Hello, we have a recurring, funky problem with managers on Nautilus (and 
probably also earlier versions): the manager displays incorrect information. 
This is a recurring pattern and it also breaks the prometheus graphs, as the 
I/O is described insanely incorrectly: "recovery: 43 TiB/s, 3.62k keys/s, 
11.40M objects/s" - which basically changes the scale of any related graph to 
unusable.

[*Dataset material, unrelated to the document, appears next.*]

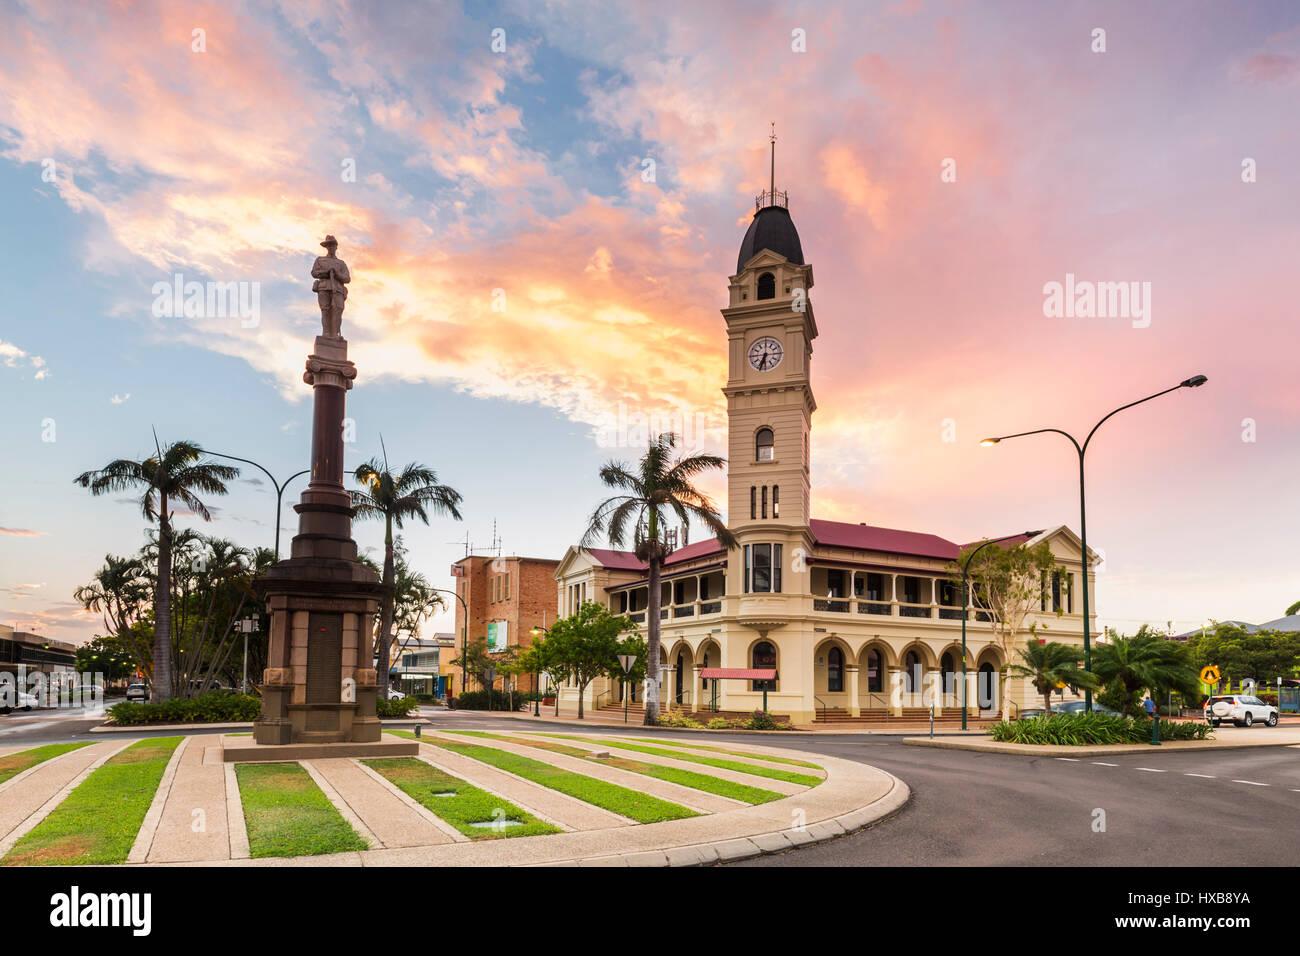 Vue du coucher de soleil du bureau de poste de Bundaberg et tour de l'horloge. Bundaberg, Queensland, Australie Photo Stock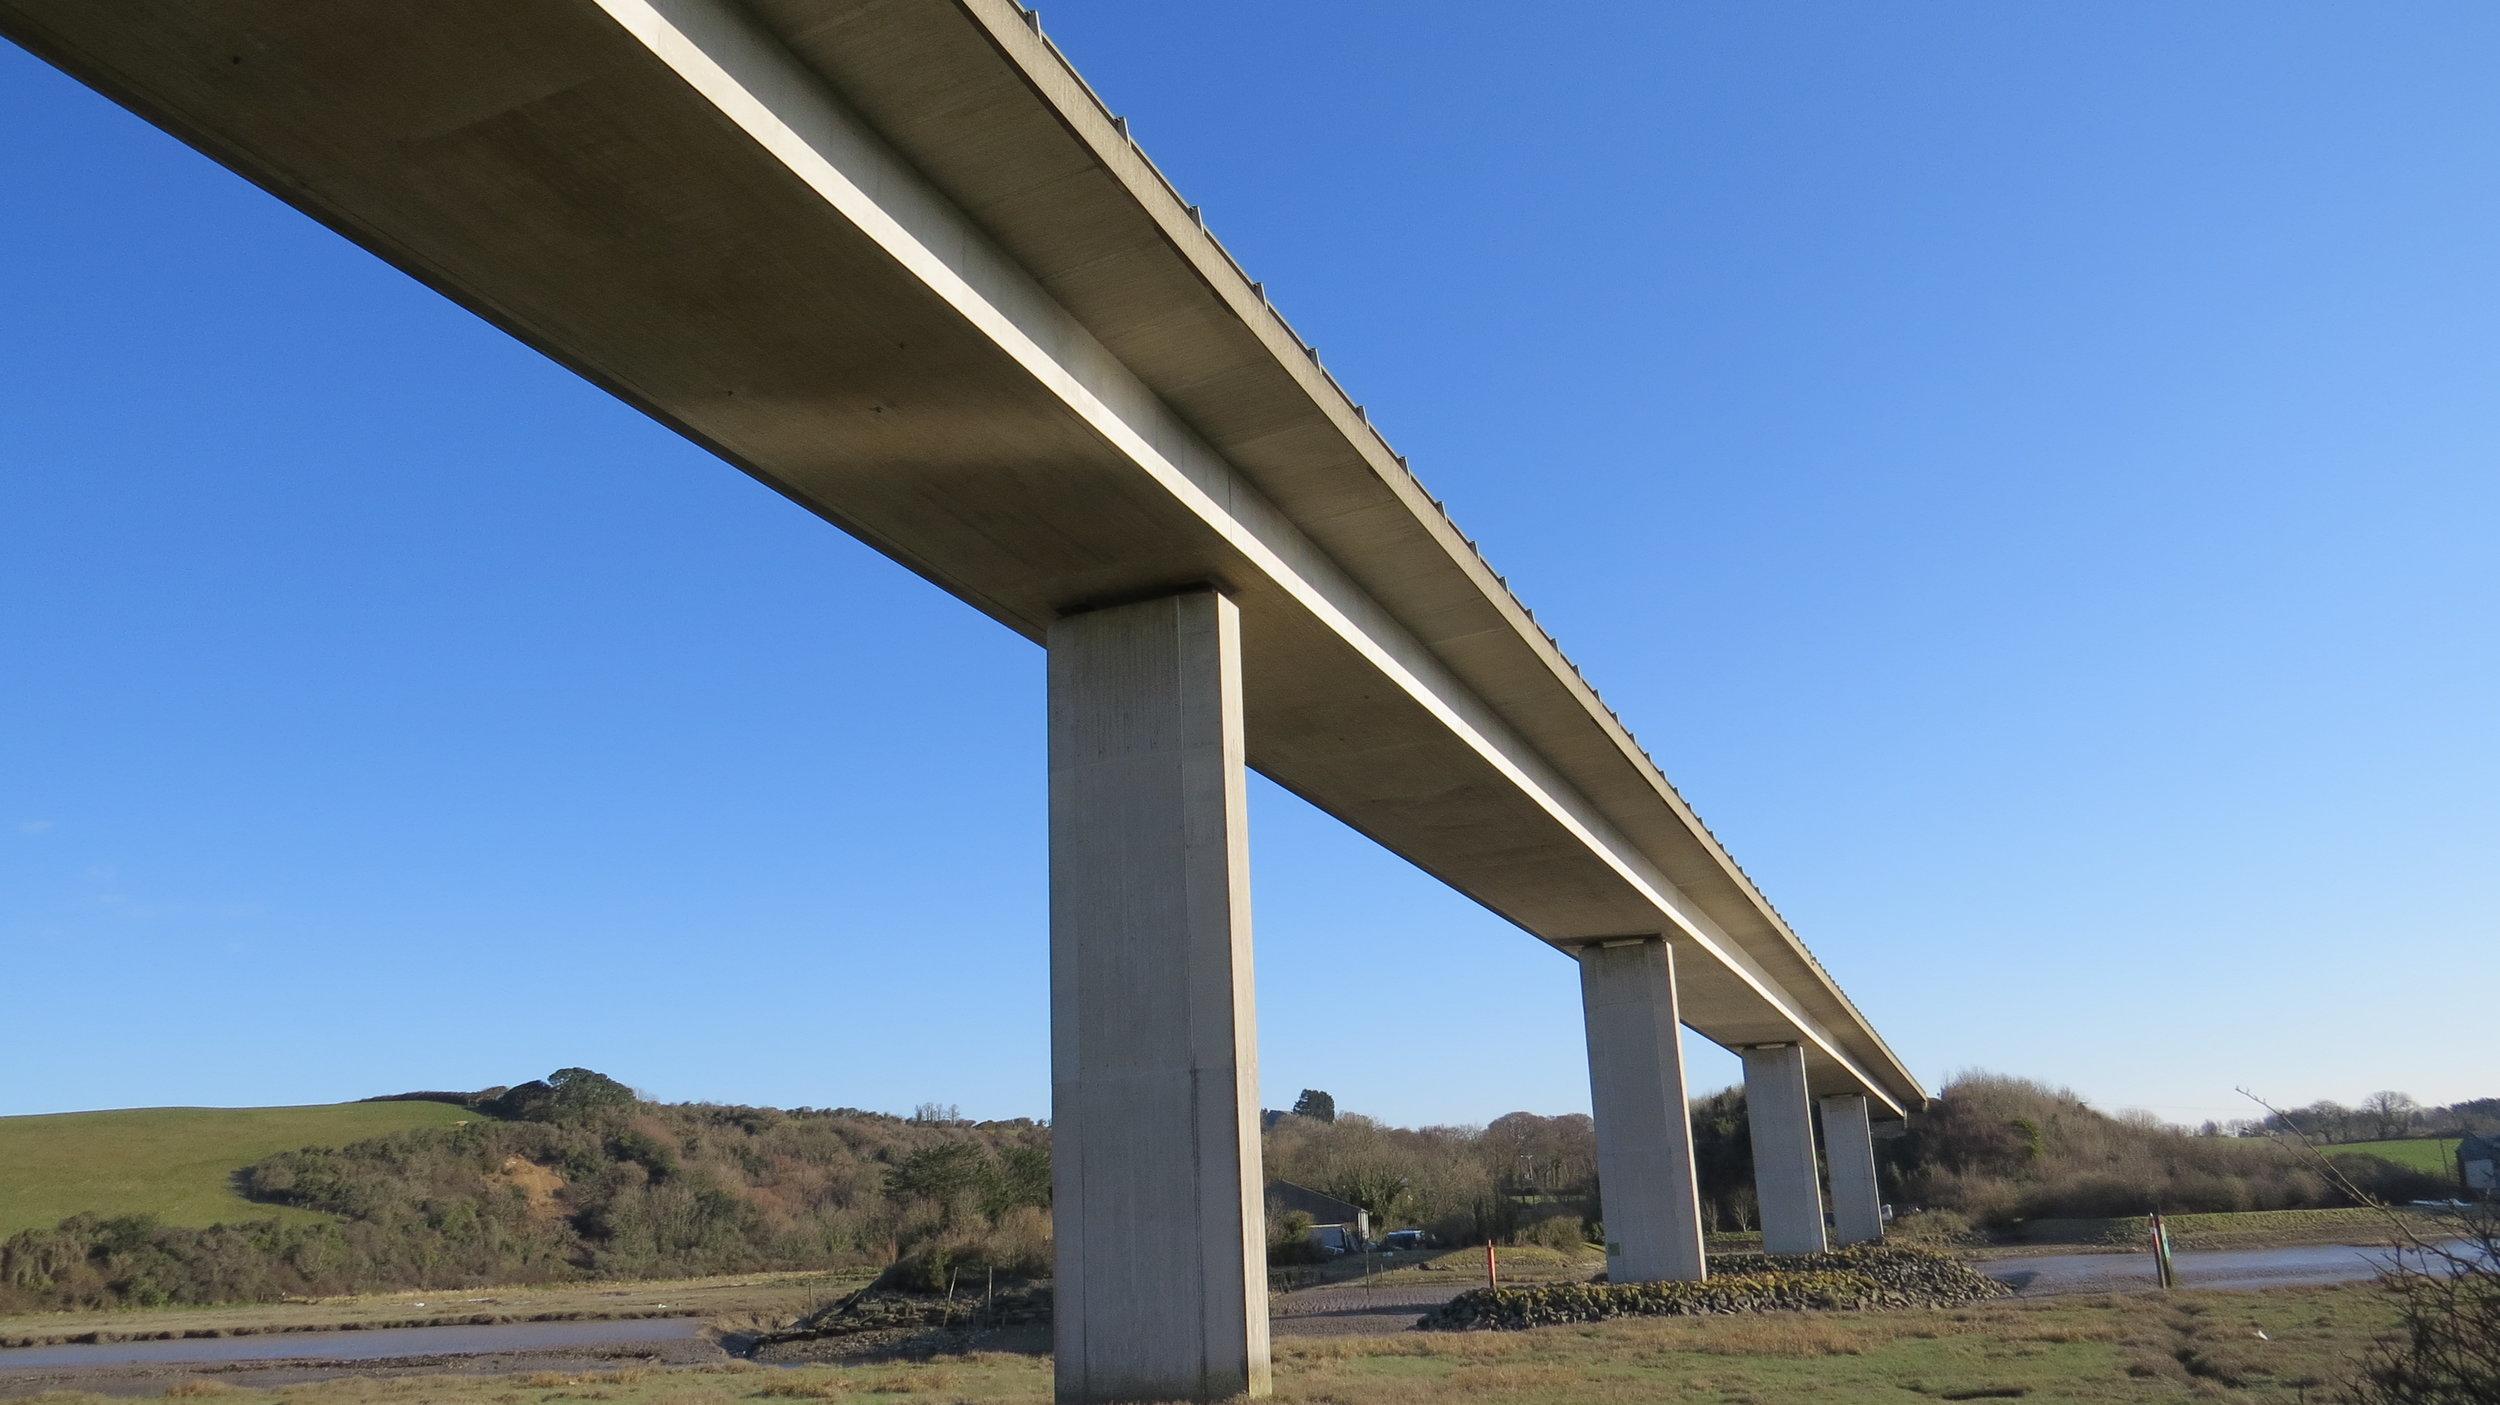 A39 Bridge over Camel

The latest example from today shows slow ops for an OSD that has been 
down for 17h: 
--------------------------------------------------------------------------------
 [09:50:31] black2.place6:~# ceph -s cluster: id: 
1ccd84f6-e362-4c50-9ffe-59436745e445 health: HEALTH_WARN 18 slow ops, oldest 
one blocked for 975 sec, osd.53 has slow ops services: mon: 5 daemons, quorum 
server9,server2,server8,server6,server4 (age 2w) mgr: server2(active, since 
2w), standbys: server8, server4, server9, server6, ciara3 osd: 108 osds: 107 up 
(since 17h), 107 in (since 17h) data: pools: 4 pools, 2624 pgs objects: 42.52M 
objec
 ts, 162 TiB usage: 486 TiB used, 298 TiB / 784 TiB avail pgs: 2616 
active+clean 8 active+clean+scrubbing+deep io: client: 522 MiB/s rd, 22 MiB/s 
wr, 8.18k op/s rd, 689 op/s wr 
--------------------------------------------------------------------------------
 Killing the manager on server2 changes the status to another temporary 
incorrect status, because the rebalance finished hours ago, paired with the 
incorrect rebalance speed that we see from time to time: 
--------------------------------------------------------------------------------
 [09:51:59] black2.place6:~# ceph -s cluster: id: 
1ccd84f6-e362-4c50-9ffe-59436745e445 health: HEALTH_OK services: mon: 5 
daemons, quorum server9,server2,server8,server6,server4 (age 2w) mgr: 
server8(active, since 11s), standbys: server4, server9, server6, ciara3 osd: 
108 osds: 107 up (since 17h), 107 in (since 17h) data: pools: 4 pools, 2624 pgs 
objects: 42.52M objects, 162 TiB usage: 486 TiB used, 298 TiB / 784 TiB avail 
pgs: 2616 active+clean 8 acti
 ve+clean+scrubbing+deep io: client: 214 TiB/s rd, 54 TiB/s wr, 4.86G op/s rd, 
1.06G op/s wr recovery: 43 TiB/s, 3.62k keys/s, 11.40M objects/s progress: 
Rebalancing after osd.53 marked out [========================......] 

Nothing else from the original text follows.